### WHAT IS NEEDED
Take the lines from the one containing "James Harden showed" through the end of the material and write them out exactly, omitting pictures.

### DATA
[Start of section]
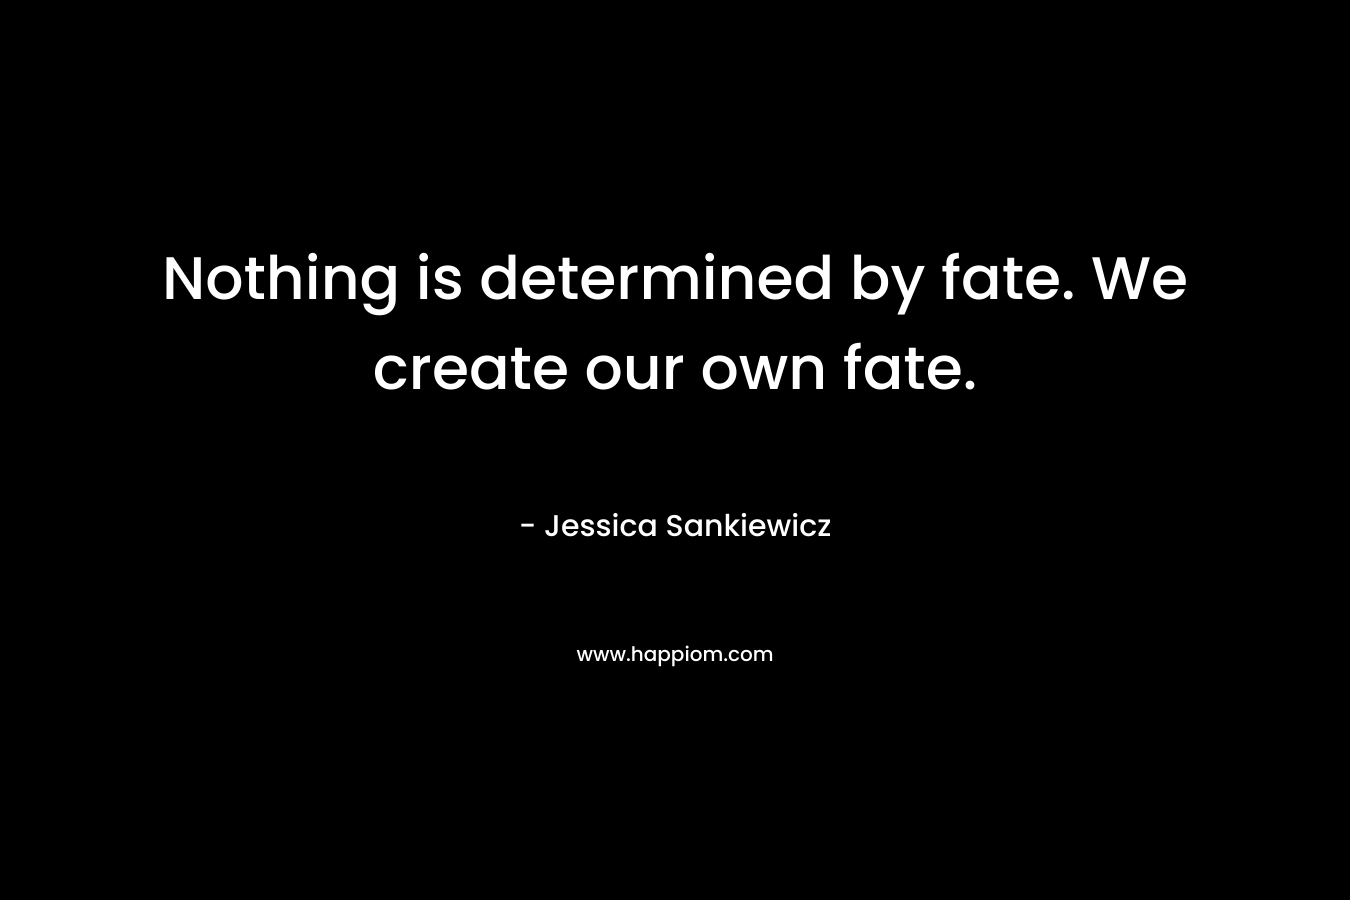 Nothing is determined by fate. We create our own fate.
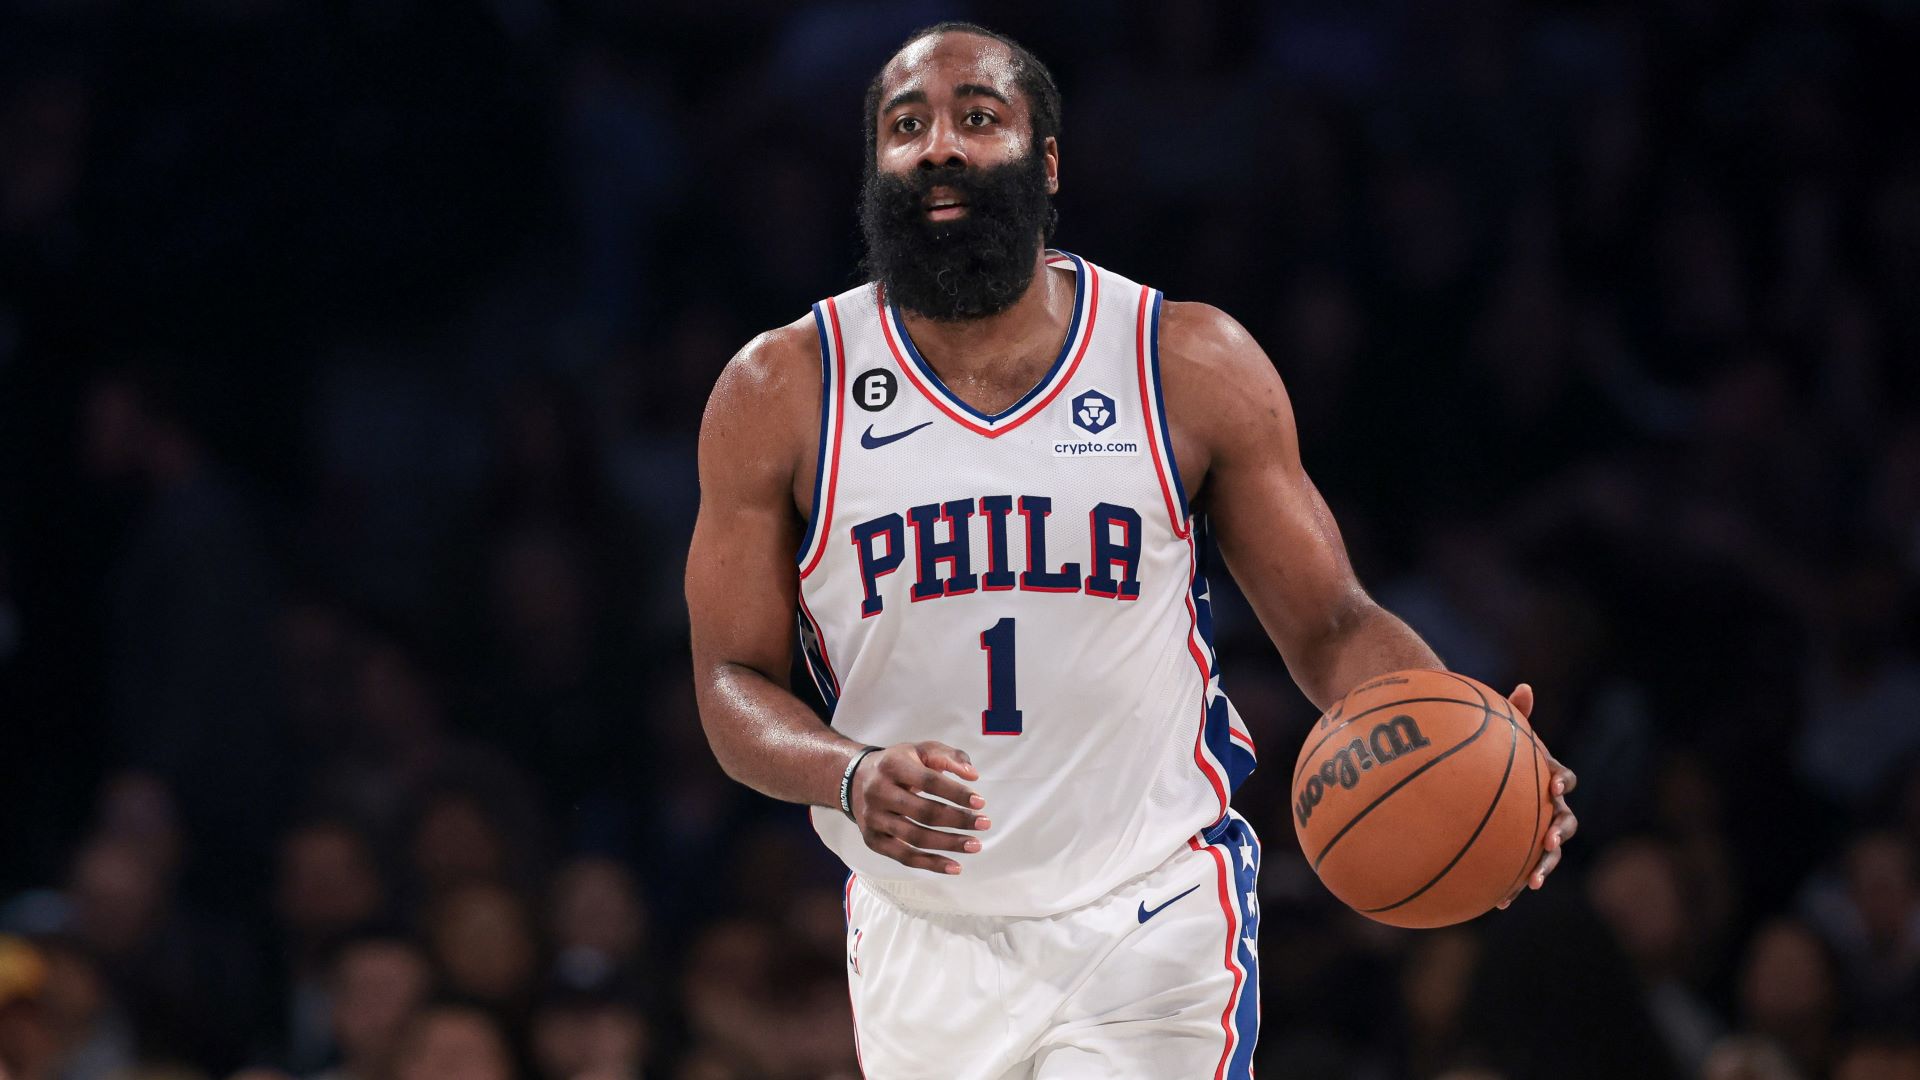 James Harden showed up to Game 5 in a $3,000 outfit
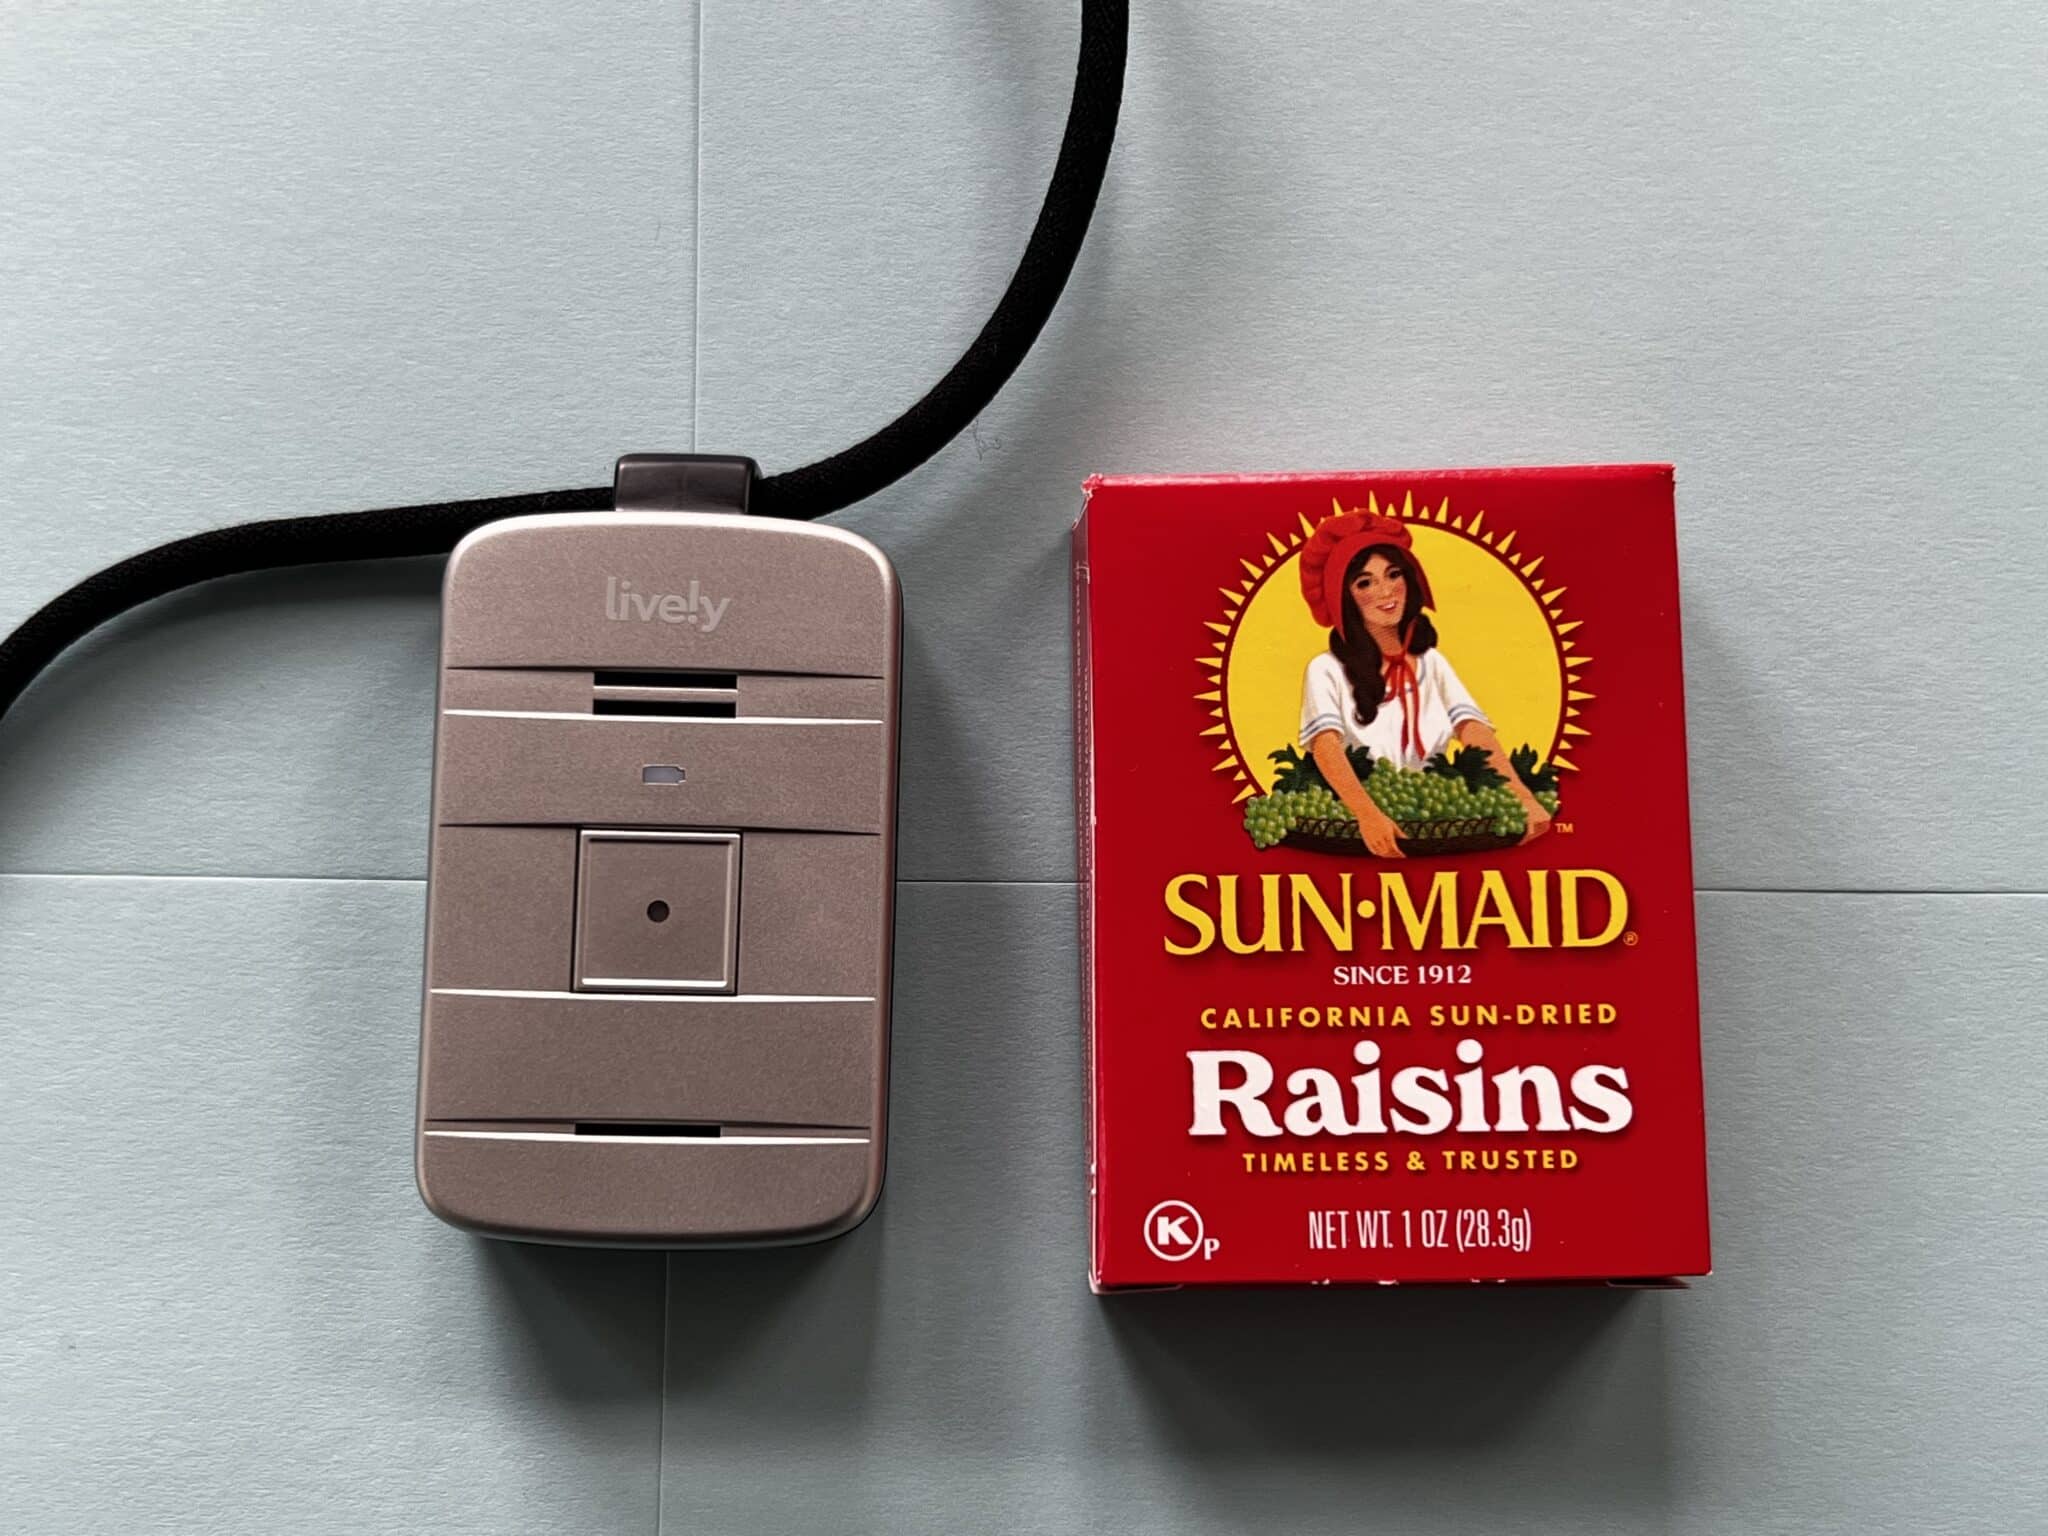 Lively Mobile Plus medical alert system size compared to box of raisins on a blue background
[End of section]
### TASK ANSWER
 James Harden showed up to Game 5 in a $3,000 outfit
 Lively Mobile Plus medical alert system size compared to box of raisins on a blue background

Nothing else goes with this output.